Q) Which sectors are looking attractive and why? Any particular stocks which one can look at?
A) Nifty Bank and Financial Service sectors look attractive at the moment. Both the sectors have broken out of a long consolidation phase resuming their uptrends.
Stock to watch out for within this space are HDFC twins i.e. HDFC Bank and HDFC Ltd, Kotak Bank, Axis Bank and Bajaj Finserv.
Q) Top 3-5 stocks that one should look at buying for next 3-4 weeks?
A) Here is a list of trading ideas —
Tata Motors: Buy| LTP: Rs 307| Target: Rs 325| Stop Loss: Rs 298| Upside 6%
The stock has resumed an uptrend after breaking out of a narrow consolidation pattern on good volumes. Technical indicator RSI has turned upwards from the lower end of the bull zone i.e. 40 after forming a positive divergence confirming the bullishness.
HDFC Ltd: Buy| LTP: Rs 2703| Target: Rs 2840| Stop Loss: Rs 2640| Upside 5%
The stock has resumed its uptrend after breaking out of a bullish flag pattern on good volumes.
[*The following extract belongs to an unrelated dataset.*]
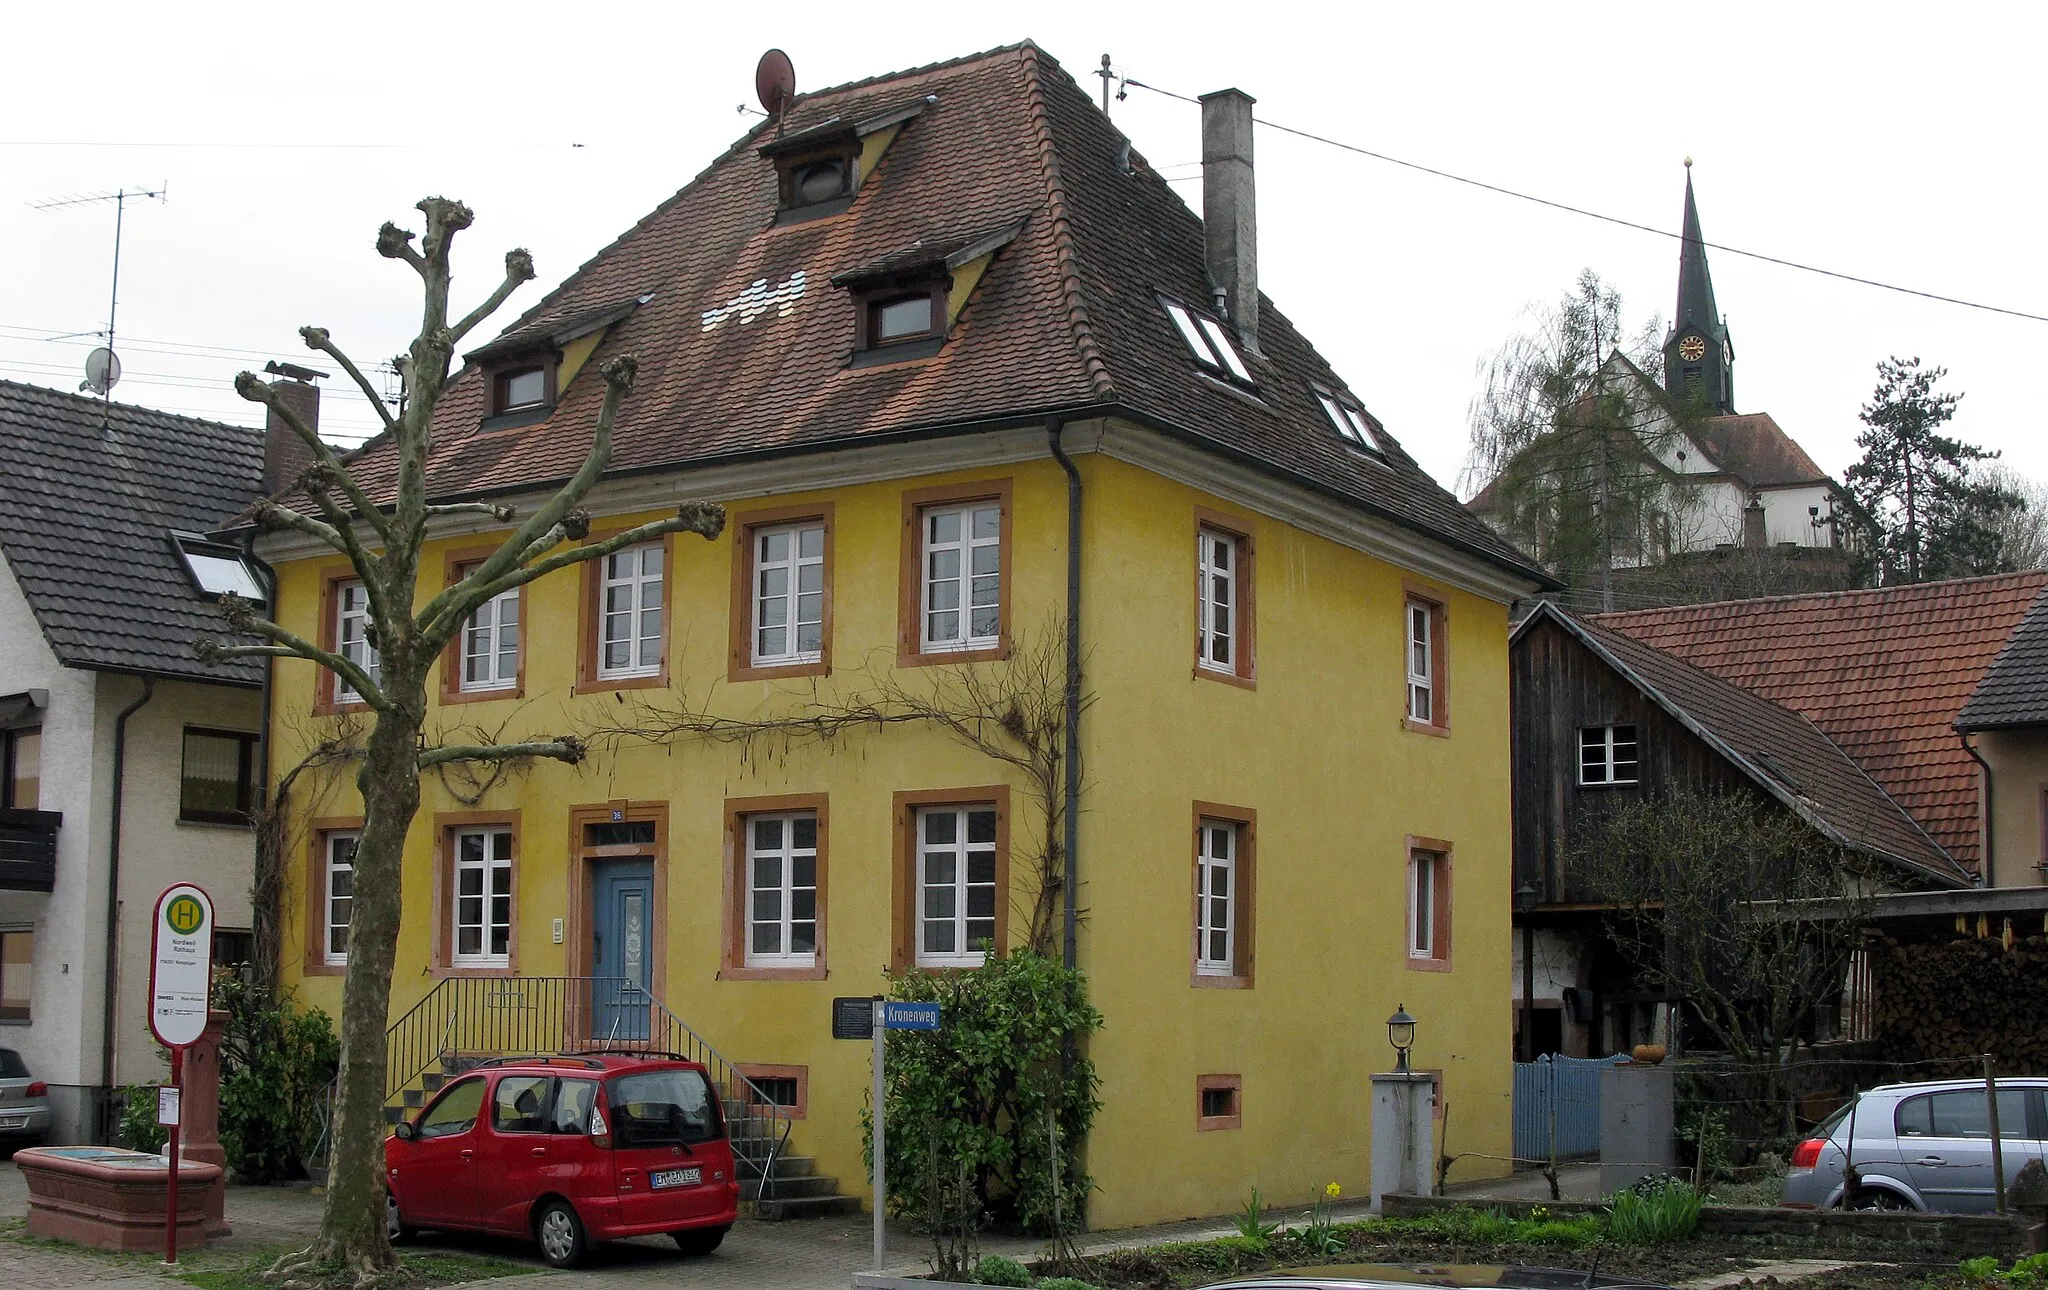 Photo showing: ehemaliges Gasthaus Krone in Nordweil, im Hintergrund die kath. Kirche St. Barbara

Further, RSI has turned higher from 60 level confirming a strong uptrend dominance in the stock.
Reliance Industries: Buy| LTP: Rs 2144| Target: Rs 2260| Stop Loss: Rs 2080| Upside 5%
The stock is on the verge of a breakout from an inverted Head & Shoulders pattern neckline placed at 2150, a successful breakout on good volumes will take the stock higher to levels of 2260-2350. Further, RSI is suggesting a breakout is on cards.